Here are a few things you can do to get to know your child's teacher at the start of the school year, and throughout:
Ten Things You Can Do to Make Your Child's Teacher Love You Forever:
1) On the first day of school, feel free to introduce yourself and your child-if that's your school's policy. Many schools do not allow parents to come down to the classrooms during pick up and drop off of students-because of safety, and because it is a busy (hectic) time, where teachers are focused making sure everyone arrives safely, finds his or her materials and gets started on the morning activity. If your school does not allow parents to come down to the classroom at this time, respect the rule. It's there for a reason.
2) Acknowledge that you understand that your child's teacher is probably the busiest human on the face of the earth. Ask her what the most convenient way for her to stay in touch is, and then use that form of communication.
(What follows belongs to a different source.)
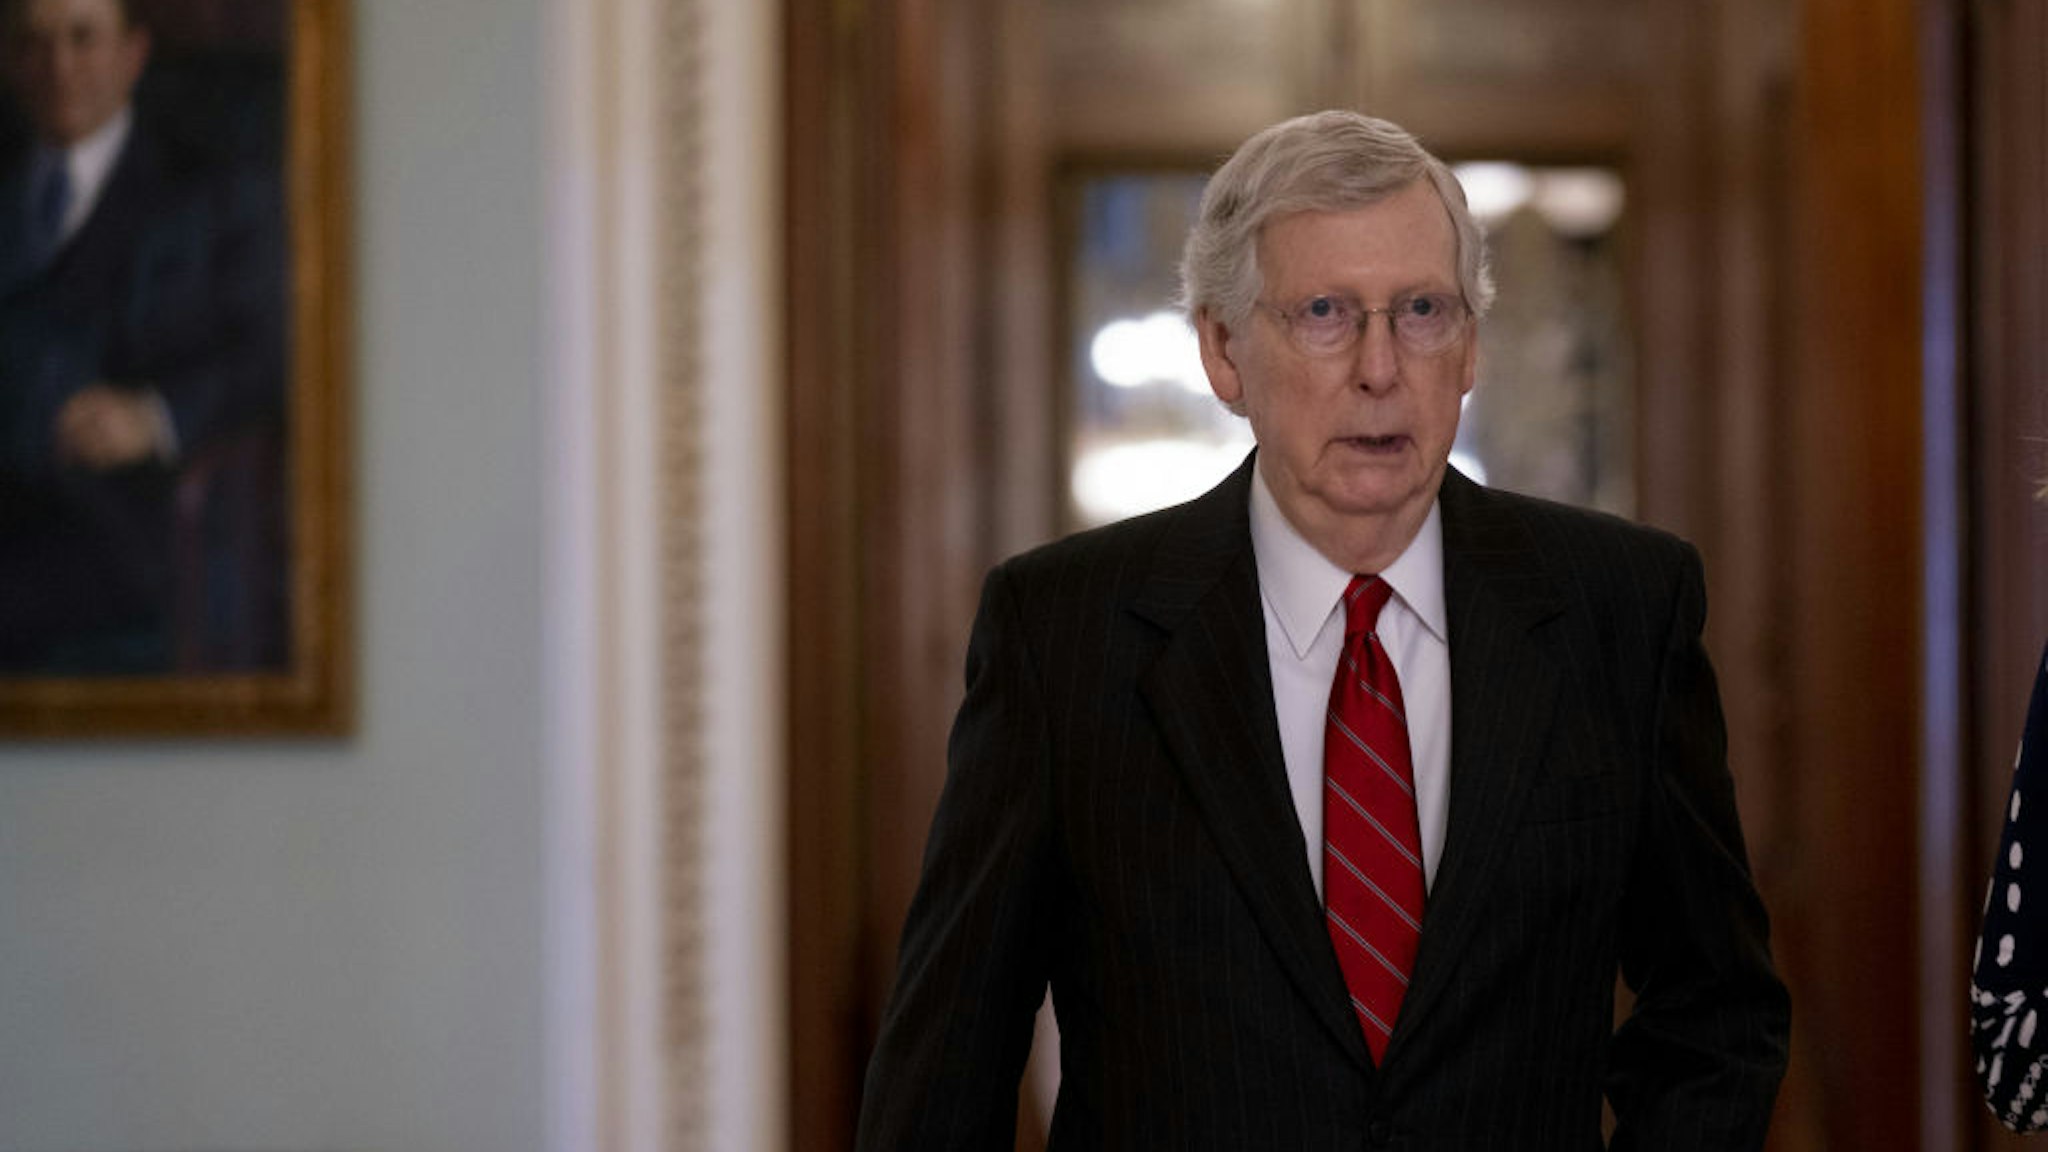 Senate Majority Leader Mitch McConnell walks toward his office after voting in the Senate Chamber

Stopping by the classroom just before or after your child goes to lunch is a reasonable time that first week to check in and say hello to your child's teacher (if you cannot come down to the classroom during drop off.) But remember, this is also the teacher's lunch time, so keep the visit to the important minimum of asking when and how you can best informally be in touch.
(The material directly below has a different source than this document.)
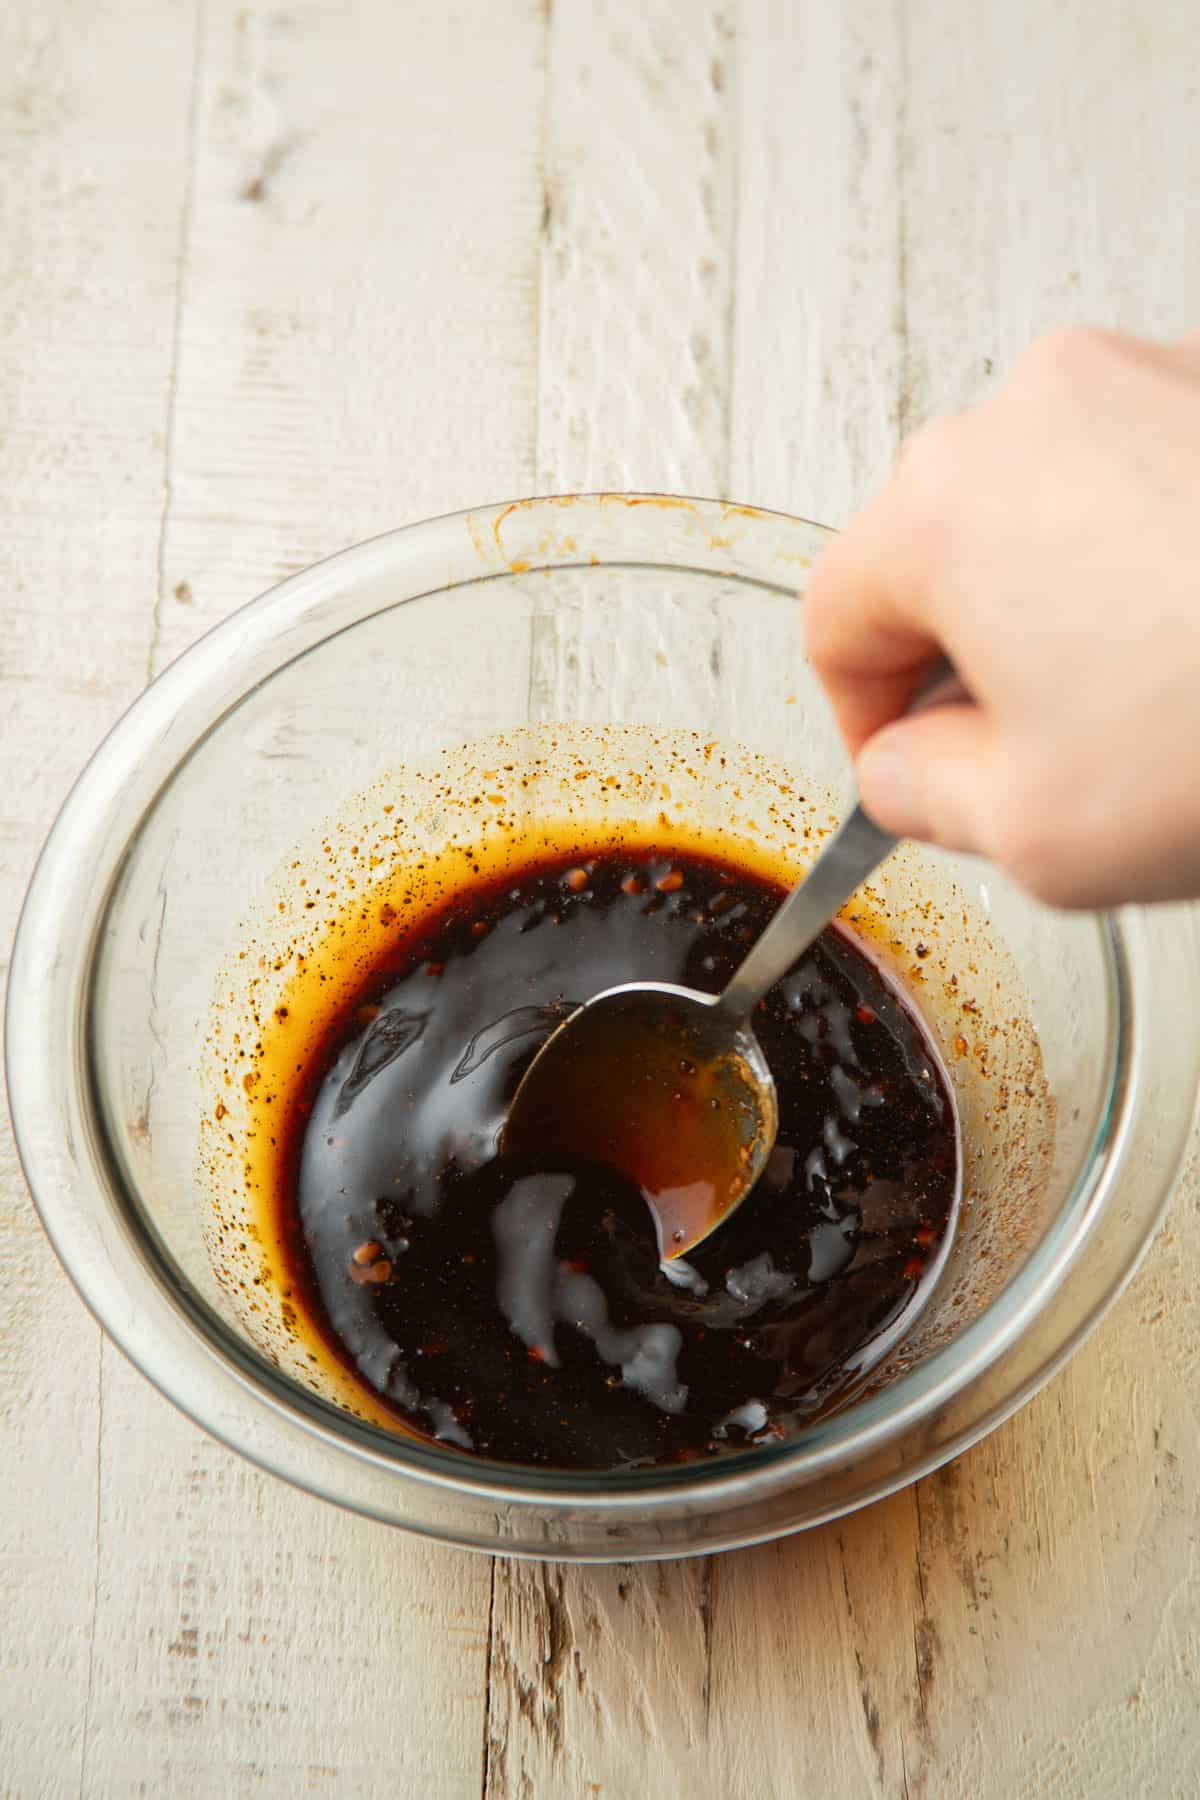 Hand stirring black pepper sauce ingredients together in a glass bowl.

3) If you want to volunteer, be specific. Tell the teacher what your areas of interest are. Come with suggestions or ideas for how you could be useful in the classroom. Teachers get overwhelmed trying to utilize parent volunteers. If we know you're really good at baking cookies and that you'd like to share that skill with the class, we're more likely to ask you to help.
4) Use Email.
5) If you have specific concerns about your child-perhaps your child has a severe food allergy, or ADHD, or you're worried about a learning disability that runs in your family, or even that your child is exceptionally gifted-email your child's teacher with your concerns, then ask for a time to meet to share important background information. You are an invaluable part of your child's academic team, and teachers want-and need-to hear from you. Just maybe not on the first day. Right at drop off.
6) Just once all year long, stop by with a large coffee for your child's teacher. It will make her think you are the nicest person in the entire world. Having your kid give his teacher a hand-decorated bag of homemade cookies will also make her think your family is the nicest family ever.
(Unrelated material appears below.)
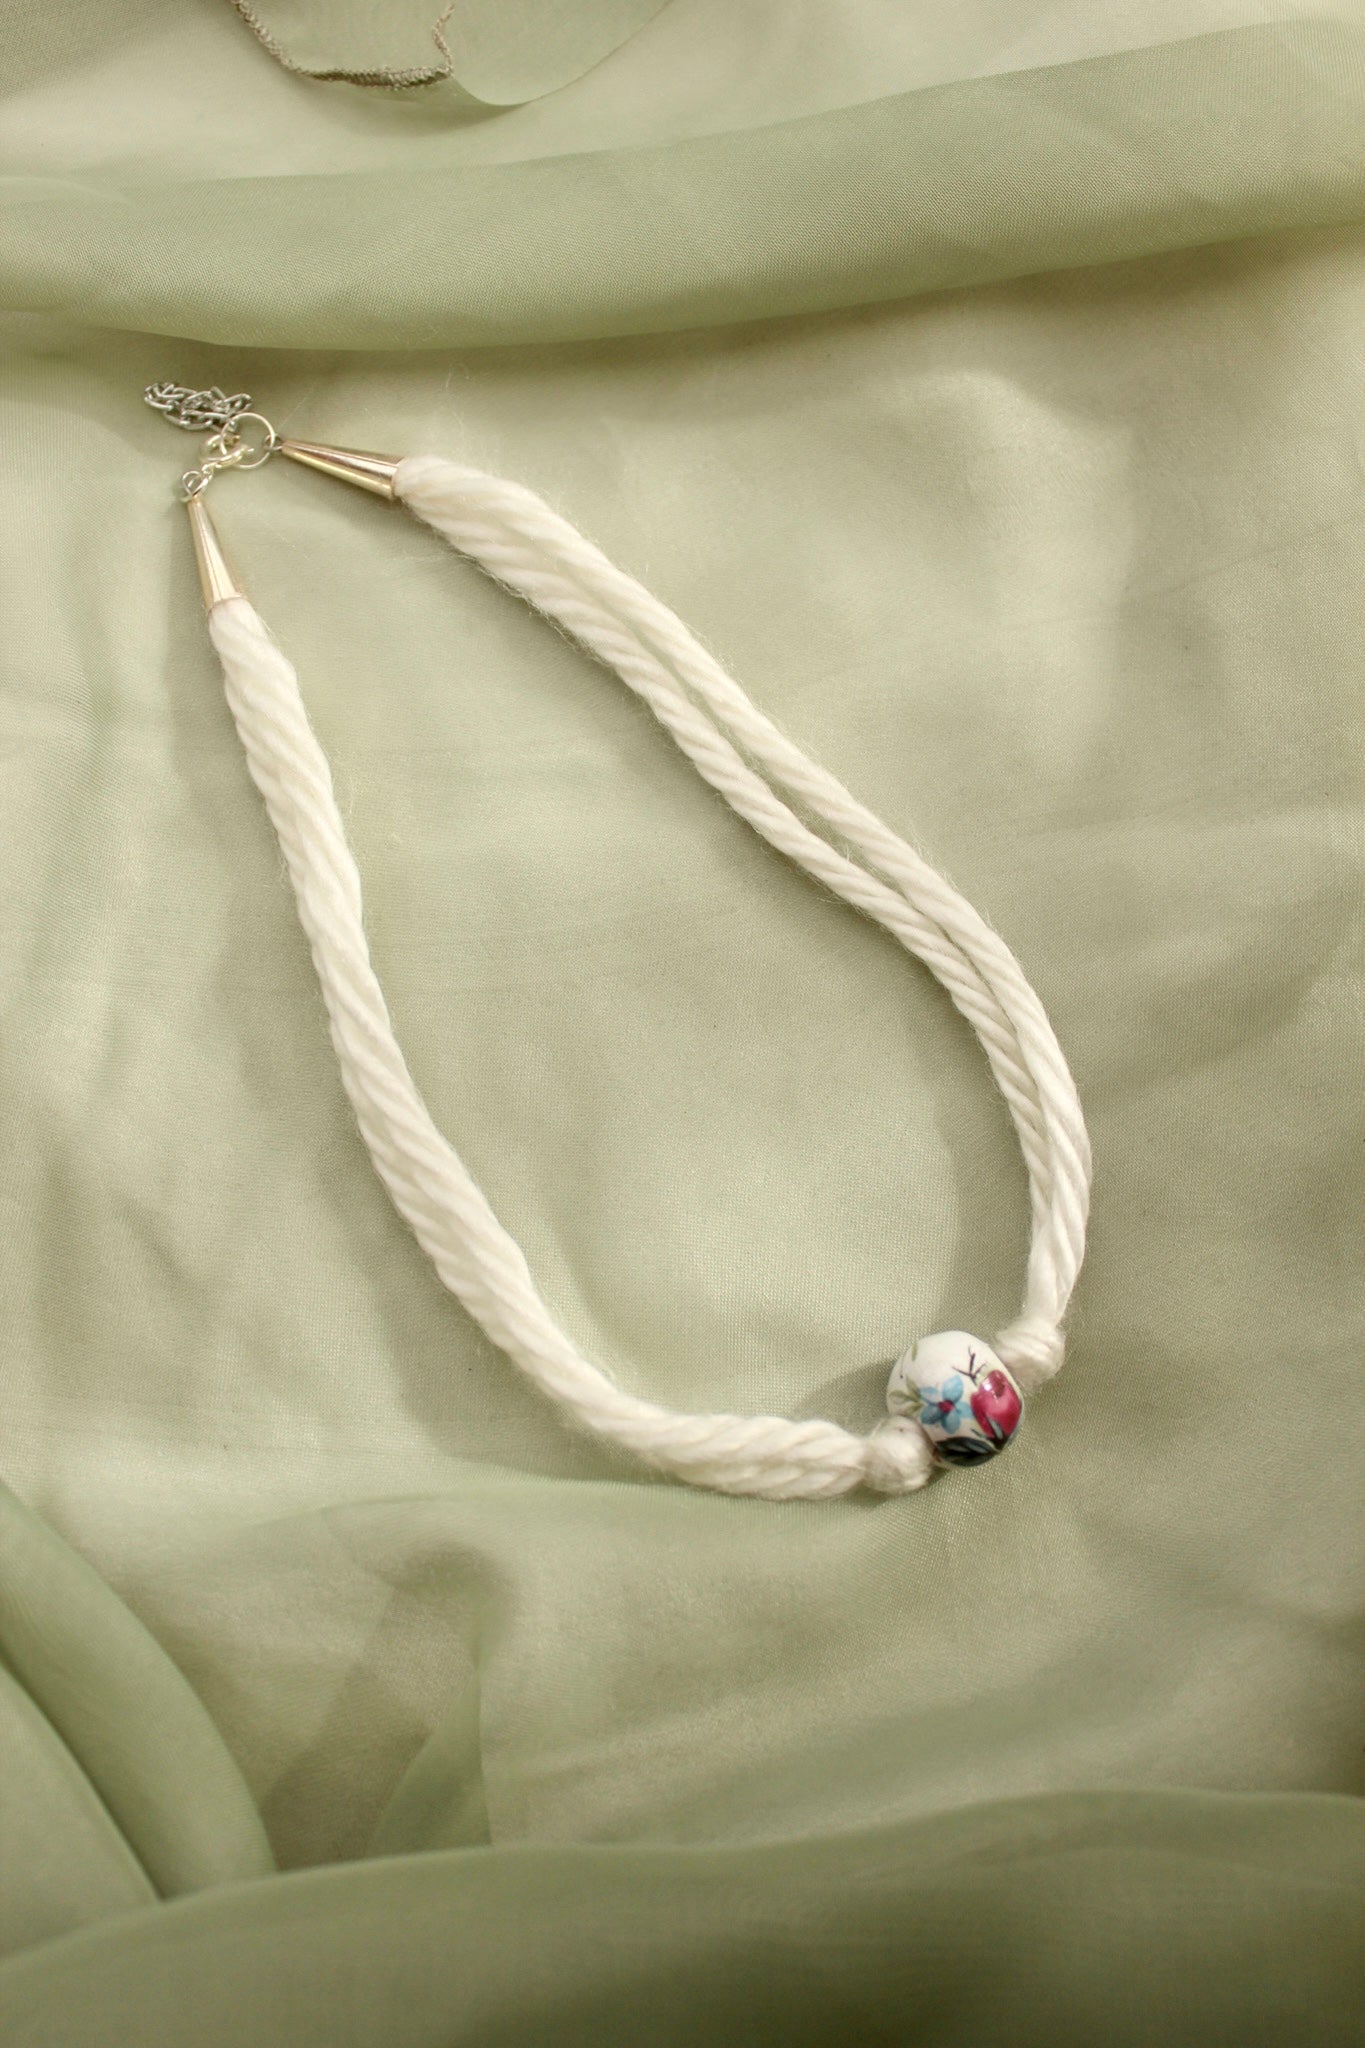 Soft White Yarn Cord Choker, Lovely Feel Vintage Style Center Floral Bead

6) At the Holidays, write your child's teacher a thoughtful card noting a few reasons you really appreciate her. This goes farther than any gift you'll ever give.
7) Offer to coordinate a classroom activity such as a brunch, presentation, pizza party, etc. She'll swoon.
9) Bring in consumable supplies like tissues and wipes, without being begged to do so. (Supplies are in short demand in every school.) Other things you could randomly bring include balls for the recess yard, fun indoor recess games, or a dustpan and a kid sized broom. These things are pretty much considered GOLD by teachers.
10) Show up for your child's presentations, conferences and performances and show genuine interest in your kid. Seems totally obvious right? You'd be surprised at how many parents skip these things. Of course-work schedules make this difficult, and if this is the case, email your child's teacher ahead of time with the conflict.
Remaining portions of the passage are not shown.